A group of multicast traffic MVRF forms a multicast domain. For example, a customer's multicast domain can cover all the customer's edge routers that deliver specific multicast traffic. Multicast VPN creates a static default multicast allocation tree (MDT) for each multicast domain. This MDT defines the path between the provider's border routers that transmit multicast traffic in the multicast domain. For high-bandwidth application multicast types such as videos, a dynamic MDT is also provided, called the data multicast distribution tree Date MDT ), when the multicast traffic exceeds a set value, the dynamic MDT is established, so that the multicast traffic can flow along an optimized path. The following example describes the transmission process of multicast in mpls vpn. As shown in figure 1, the provider's MPLS core consists of four routers, namely P1, P2, P3, and P4, which are connected to their respective provider's border routers, the customer's VBR is connected through the VPN channel provided by the PE router. VPN Customer A is composed of Site a, B, and c, and VPN Customer B is composed of Site a and B. The default multicast distribution tree (MDT) of Customer A includes P1, P2, and P4, and the connected PE router, because the P3 router is not included only for other customers. In the multicast application of Customer A, site B connects to the multicast server O. Assume that A member of Site a of Customer A wants to join the multicast instance. As shown in figure 1, host M sends an IGMP group addition request, and the customer's border router CE1 forwards the request to PE1, the provider's border router PE1 forwards the multicast request to the provider's border router PE2 along the default multicast distribution tree of the multicast domain, when PE2 adds a request to the customer's border router CE2, CE2 starts to forward multicast data to PE2, and PE2 forwards multicast data along the default multicast distribution tree. When the multicast data is forwarded, PE2 detects that the multicast traffic exceeds the established data group.

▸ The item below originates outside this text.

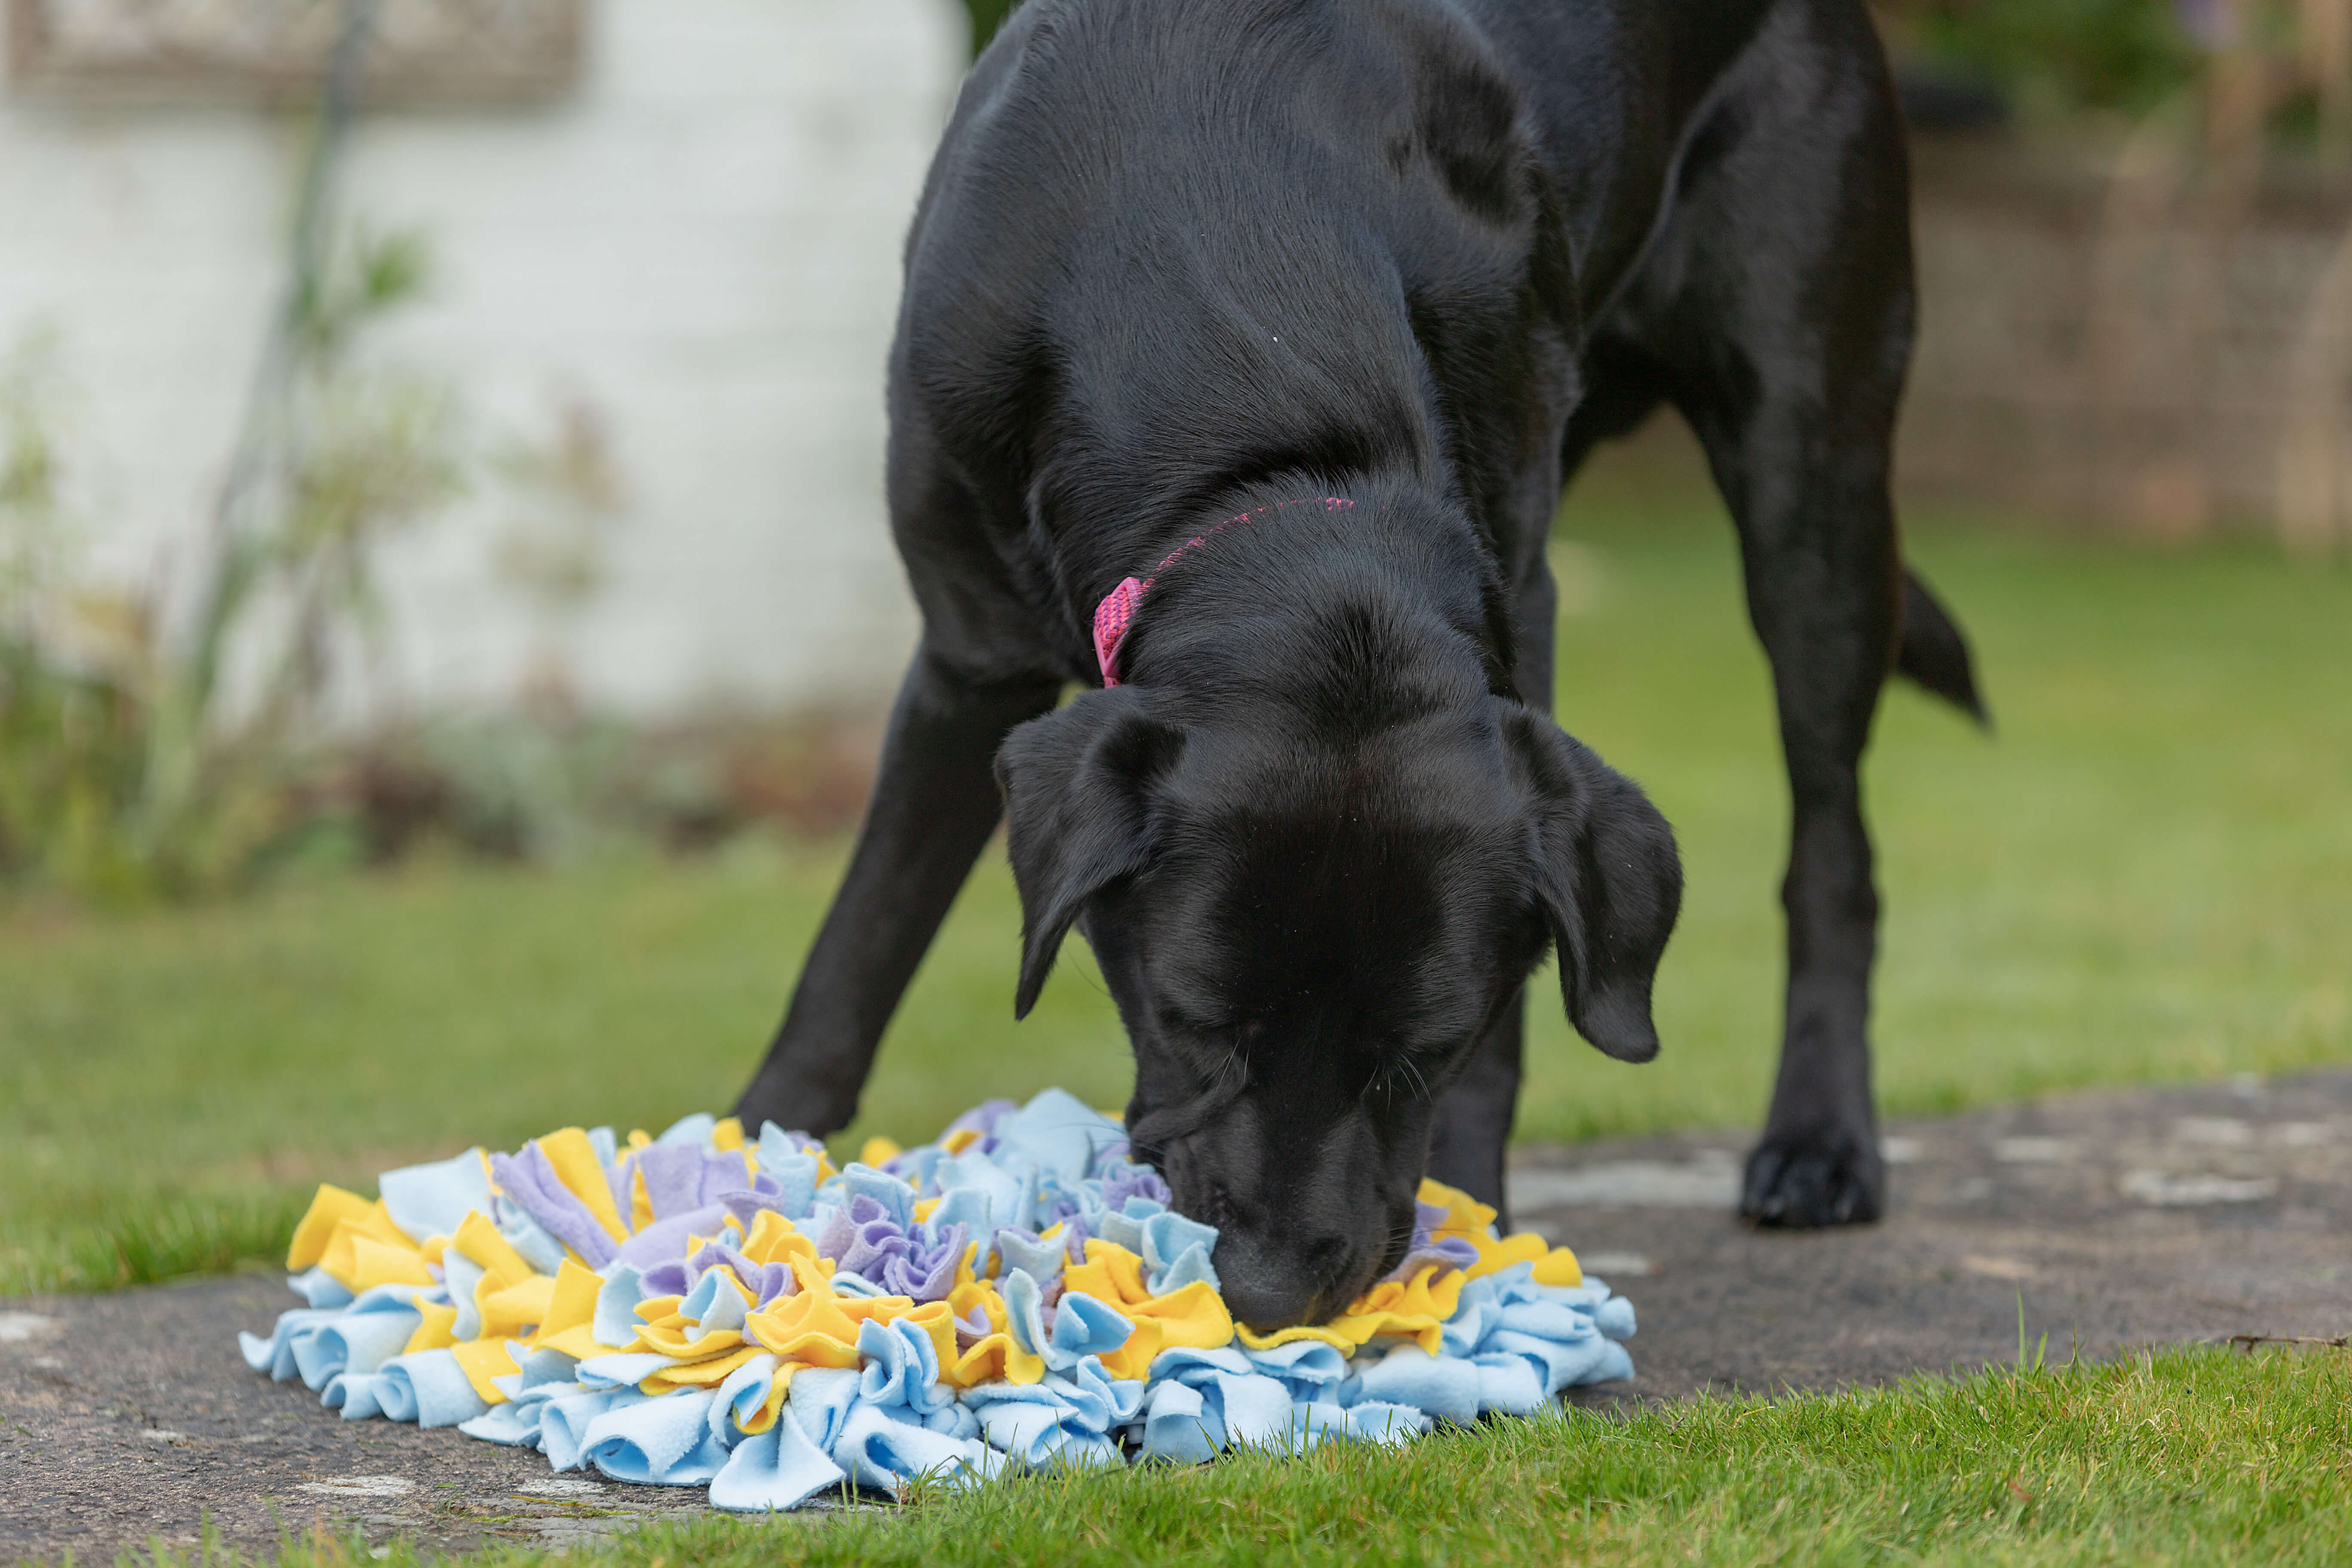 A black Labrador guide dog enjoys treats hidden in a colourful fleece snuffle mat out in a garden

Set the value of the multicast distribution tree. PE2 notifies all PE routers in the multicast domain of Customer A of the information created by the multicast distribution tree along the default multicast distribution tree. After A short interval, PE2 begins to distribute the multicast traffic along the data multicast tree. Because only PE1 sends multicast requests, only PE1 is added to the data multicast distribution tree and receives traffic.